Tag Archives: Book of Genesis

Clinical dimensions of “nakedness”

(Yesterday’s posting was about the subjec of nakedness in the book of Genesis.) The notion of nakedness and vulnerability is also relevant in clinical work. In one of my first cases as a therapist, a young man in his thirties had recurrent images of nakedness in his day to day life, often looking down to see if he was wearing his pants in public. He knew this was “crazy” but he also knew that it was clinically significant. He also quickly saw that this disconcerting imagery was related to several significant recent losses in his life—he had become estranged from his family, he had serious doubts about his childhood faith, and he has resigned from his job. Furthermore, he was feeling estranged from his friends. He had been cast adrift in his life. He had shorn the trappings of the middle class life that had been bequeathed him and he felt vulnerable, he felt naked.

The clinical work involved helping him to embrace this nakedness, to avoid the temptation to immediately “prozac’em”, and to explore the depths of his despair.
It amounted to holding his hands figuratively, allowing the grace of God to envelop him, and to facilitate rebirth. I offered comfort and direction as this young man dwelt for a while in what T. S. Eliot called, “the breakage, in the collapse of what was believed in as most certain, and therefore the fittest for renunciation.” Metaphorically speaking, I was a midwife. Or, a metaphor I like even better, I was a witness to a death, burial, and resurrection.

The theme of nakedness is so relevant to the work of a minister. Frederick Buechner in one of his books (and the specific title escapes my memory) wrote of the need of a minister to find the temerity and courage (and grace) to first “disrobe” his congregation before he could “clothe” it with the Grace of God. He explained that God’s Grace only comes as one is disrobed of his/her pretenses, illusions, false gods, and hypocrisies and that a minister who is not willing to address this facade cannot offer any genuine Grace. Without this disrobing there is only an easy believism that really doesn’t believe anything, there is only a religion of convenience. And, I might add, no minister can accomplish this task if he/she has not been disrobed himself/herself and does not experience recurrently from time to time.

The Illness that we Are

In the book of Genesis the subject of nakedness is introduced to us.  Adam and Eve ate of the forbidden fruit and felt naked, exposed, and God fashioned for them a fig leaf garment and hid their nakedness.  The Bible said that this garment hid them from their sense of shame.

Art in recent centuries, and movies in recent times, often includes the image of the nude woman, caught unawares, covering her breasts with an arm and/or her privates with a hand.  Most men also have had dreams or fears of that horrible feeling of being caught nude in public, being exposed, being vulnerable.

I think this fig leaf represents the function of the ego in human culture.  It is a contrivance that hides us from our nakedness.  It is a persona that we can present to our community and to the world and not have to show to them the frail, frightened vulnerable creature that we are in the depths of our heart.  And this ego consciousness is very important as without it there would be no “world” as we know it.  For without it, we would be teeming multitudes of quivering flesh and could not function as a culture.  We would not be a world.

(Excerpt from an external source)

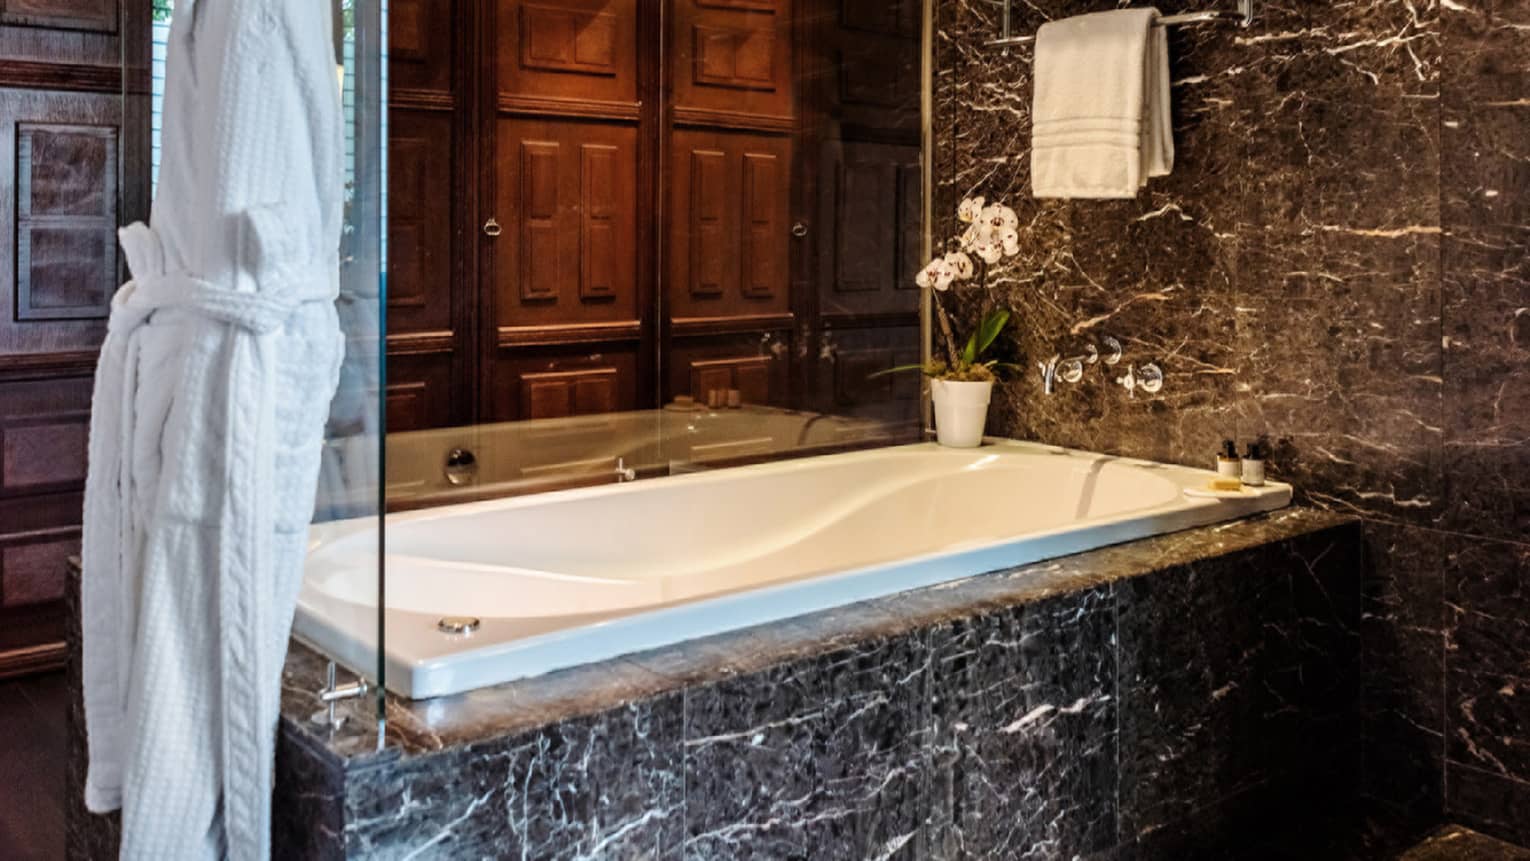 Black marble tub enclosed by glass, with hanging white bathrobe

But this ego consciousness has become a monster that is run amok and threatens to destroy us.  Instead of acknowledging our frailty and recognizing the frailty of others, we have organized into armed camps the purpose of which is to barricade ourselves behind piles of “stuff”.  Or, to allude briefly to one dimension of the problem, in our country we have isolated into ideologically-armed political camps, each camp unwilling to recognize its own vulnerability.  We are guilty of the sin of misplaced concreteness, “We chase the shade, and let the real be.” (John Masefield)

But as individuals we cannot correct the ills of the world. The only “illness” we are responsible for is illness that we harbor. But we can discover that as we address that illness in our own heart, as we “wage the war we are”, we will be a bit of an antidote to the collective illness that threatens us.